Sunday, 25 April 2021

How to really make a Soji Yamakawa multimedia universe

It is possible that Sony LIV, the Indian tv on demand division of the huge Sony Group, has to collaborate with fellow Sony Group subsidiary Aniplex, Bulgaria’s Sofia Film and Uganda’s Wakaliwood studios in order to make sure that a Kenya Boy adaptation series is made. The non-Isamu of the Wilderness multimedia universe traditionally comprises of only about three stories but is full of really twisty surprises. 

For his first ever Kamishibai work, Shōnen Champion, a web manga reimagining of it will only have 22 volumes, as the same will go for the web anime film series adapted quite closely from it. Both the manga and anime will share a very different, much less uncannily creepy and much more organically retro style, which in case will be Naoyuki Konno's own style. If it succeeds, a prequel and a sequel can come into play as well. 

Its much better known 1940s-50s postwar variant (also known as Shōnen Champion) will consist of 48 volumes, sans the true backstory and ending, which have sixteen and thirty two volumes each. A manga can be written and drawn by Naoyuki Konno. 

For his most famous work that isn't Isamu of the Wilderness, Kenya Boy, its manga reimagining will have forty two stories in fourteen volumes, which will be adapted into 14 films. When both the manga and anime become hugely successful, a prequel and sequel of it, The Land of Ashoka and Jungle Hunt, will get the green light to become a seminal Seinen pair with 2 volumes (and 14 episodes) each. 

For both the Kamishibai and Emonogatari variants of his most famous animal themed work, Tiger Boy, a manga reimagining will also have about fifty two volumes. If both succeed internationally, they themselves will bear at least a twenty six volume interquel. 

Two much lesser known works from competing magazines, Baboon Boy and Wolf Boy, can each have a complete series in the spotlight. 

When a complete 14 volume series is made; Baboon Boy will probably be divided into at least two stages, with the eponymous second stage being the main one. 

The prequel is an expanded backstory, which begins when a teenaged girl, her parents and baby brother Shotaro had to hop through ships (and planes!) by questionable means. It was before they arrive into what would become DR Congo, where they faced a crapload of classist people, ranging from corrupt politicians to antagonistic (but mainly local Bantu speaking) soldiers to (primarily European descent) cattle ranchers. Shotaro’s parents were bludgeoned to death and his sister sadly left him behind after years of breastfeeding and interacting. As a result, he was found by a bunch of baboons who later raised him for a short while.

The first stage is when he was raised by wild animals after being abandoned unintentionally by his beloved sister. 
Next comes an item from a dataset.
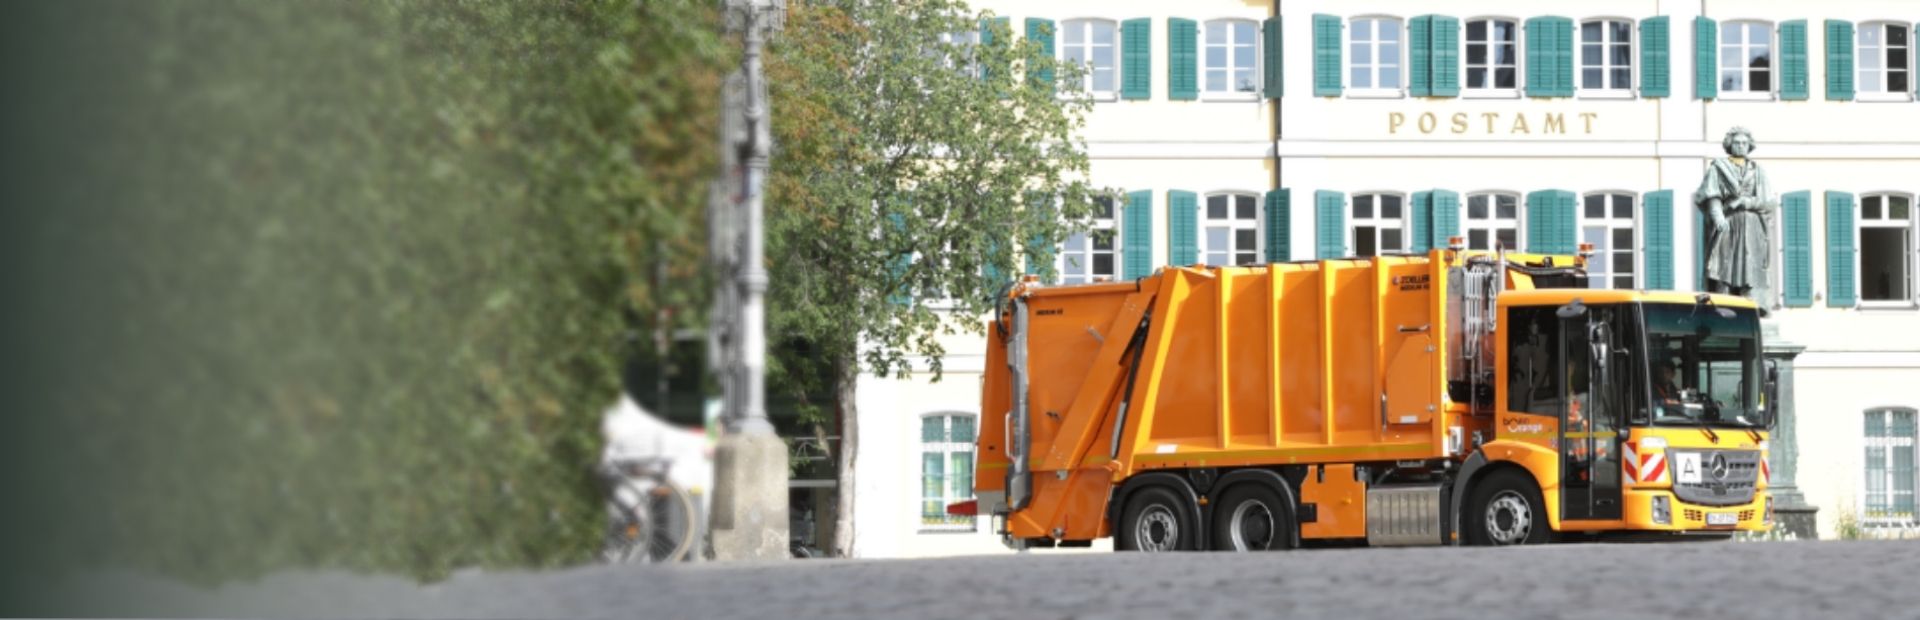 Abfallsammelfahrzeug vor der Alten Post mit Beethovendenkmal in Bonn

The second stage begins when he made friends with a badass fisherman. Later on, they also befriended a pale, dark wavy haired tomboy, whose much older brother and sister in law unintentionally abandoned her (and her six surviving fellow siblings, as it turns out) as a toddler, and whose overworked parents died at the hands of a fatcat before that. 

Wolf Boy is also similar, but with a half-Japanese half-Indian boy named Shiva being orphaned in a really classist incident involving his senile parents’ death by the society elite’s most murderous members. Then there were treasure looters kidnapping him and dumping him out into the woods, only for the boy to be raised by wolves and other animals. The rest is history.